Your output should be the lines below from the one with "BN8W56930 1 Pair" through the one with "when it's cooked we call it vegetable broth", copied exactly, pictures excluded.

== Source data ==

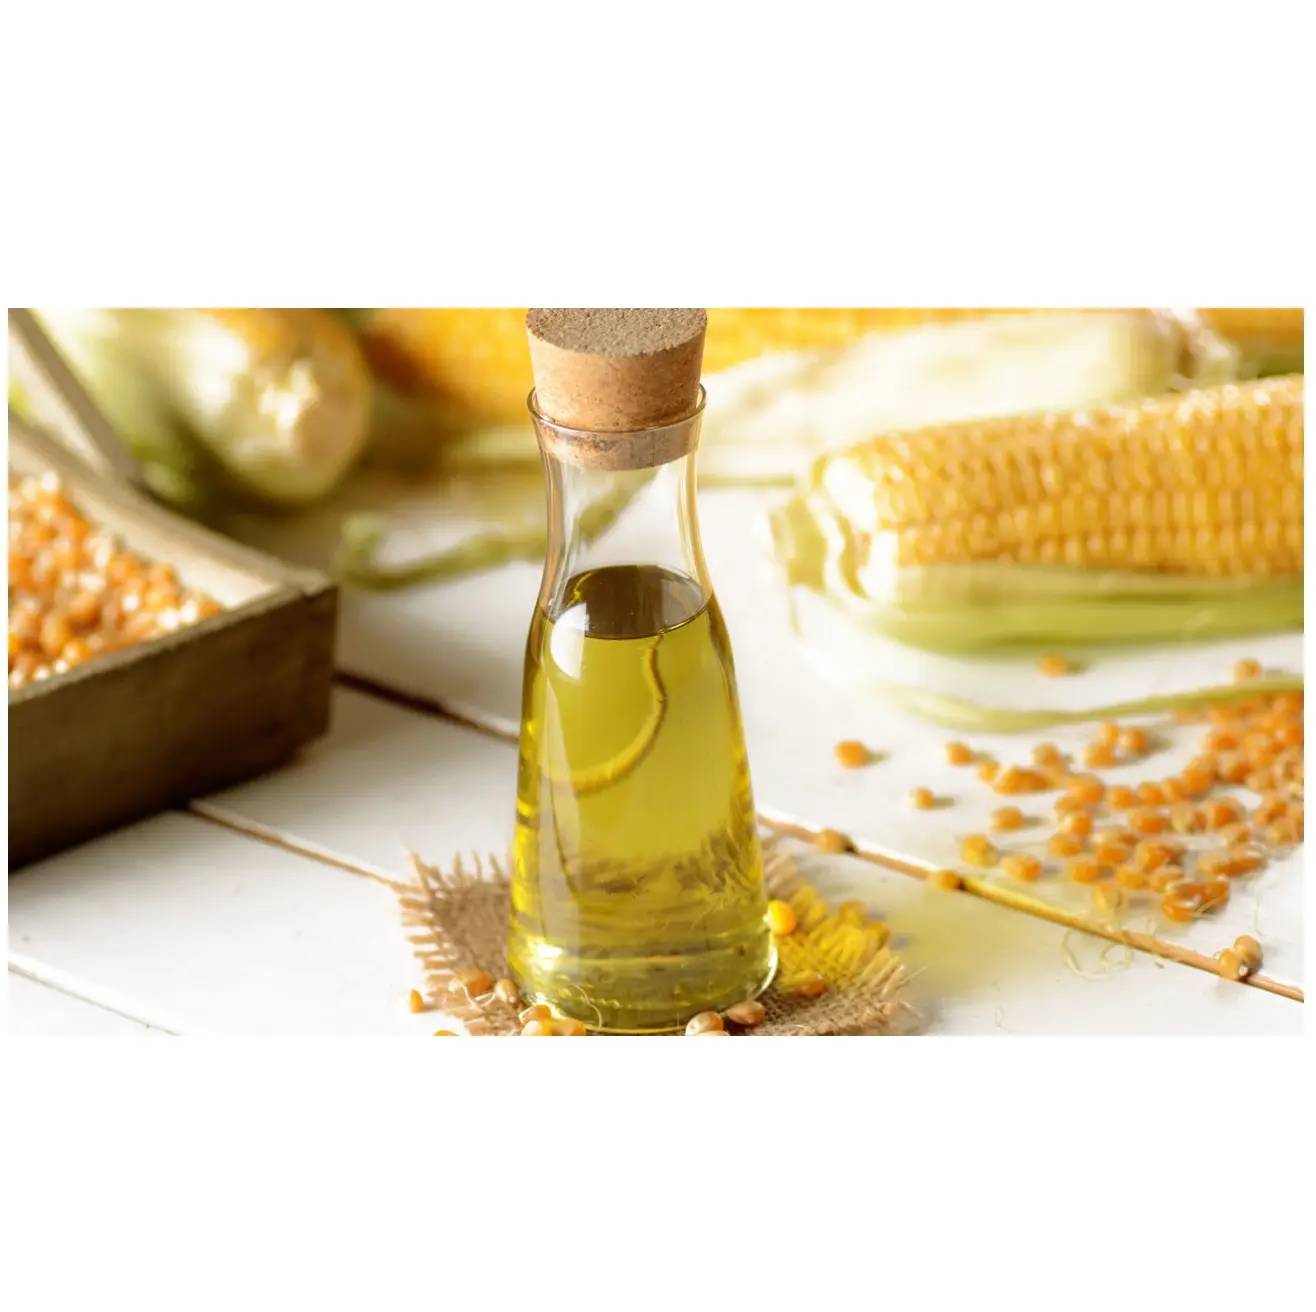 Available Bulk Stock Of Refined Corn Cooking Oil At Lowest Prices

===
== Source data ==

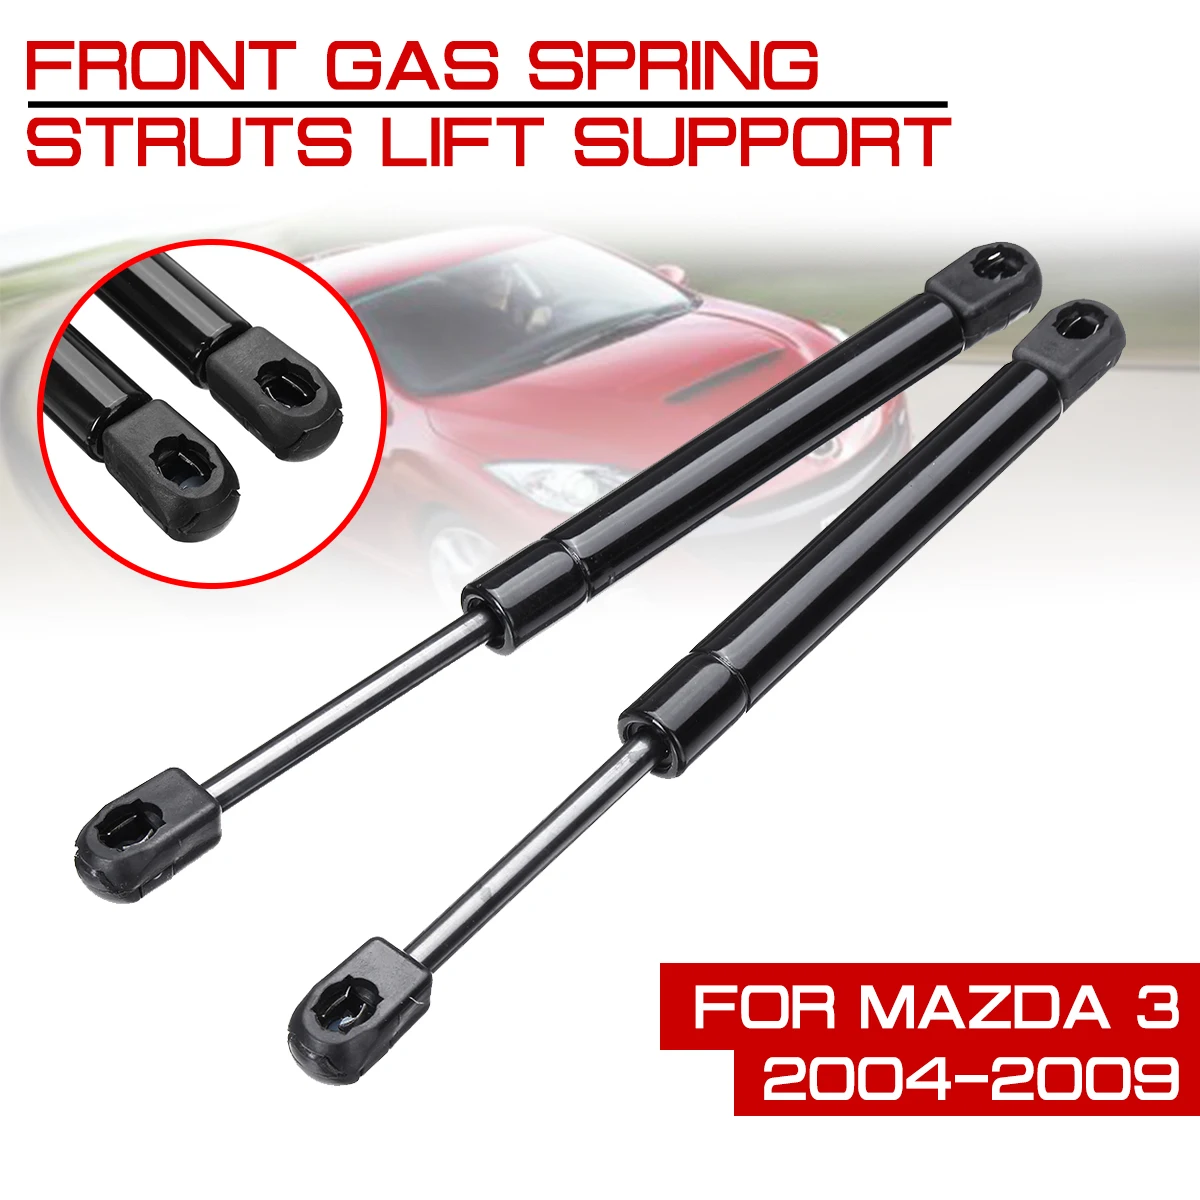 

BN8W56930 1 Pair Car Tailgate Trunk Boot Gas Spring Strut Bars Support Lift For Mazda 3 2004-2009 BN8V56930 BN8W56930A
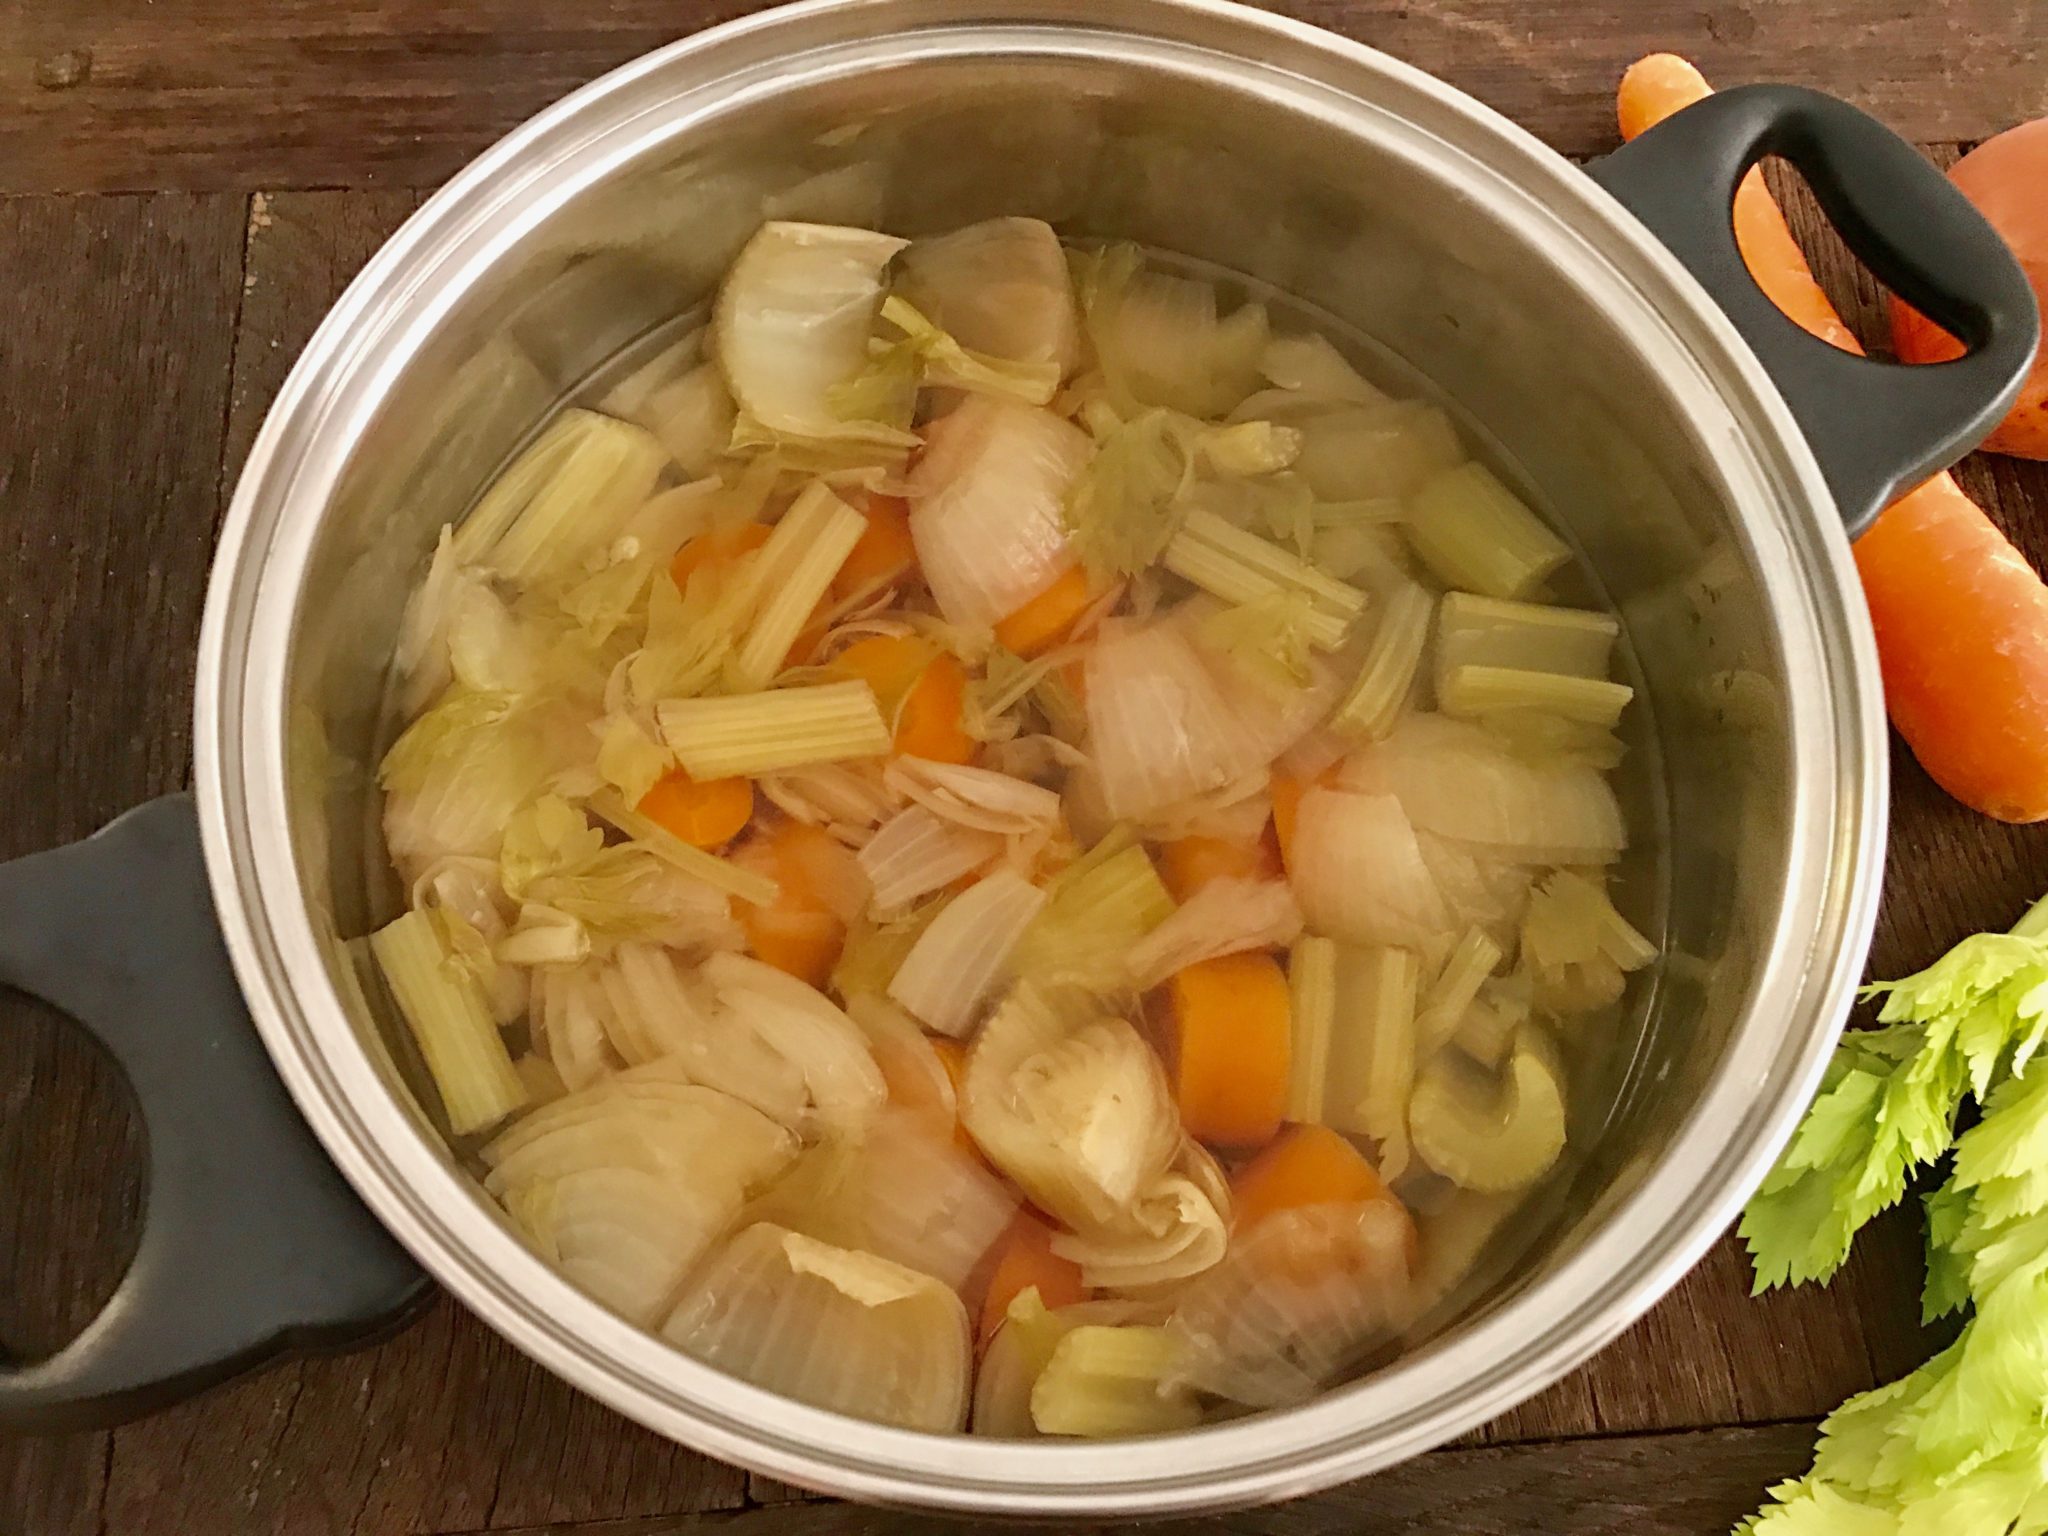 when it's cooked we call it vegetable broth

===

Answer to this exercise ▸
BN8W56930 1 Pair Car Tailgate Trunk Boot Gas Spring Strut Bars Support Lift For Mazda 3 2004-2009 BN8V56930 BN8W56930A
 when it's cooked we call it vegetable broth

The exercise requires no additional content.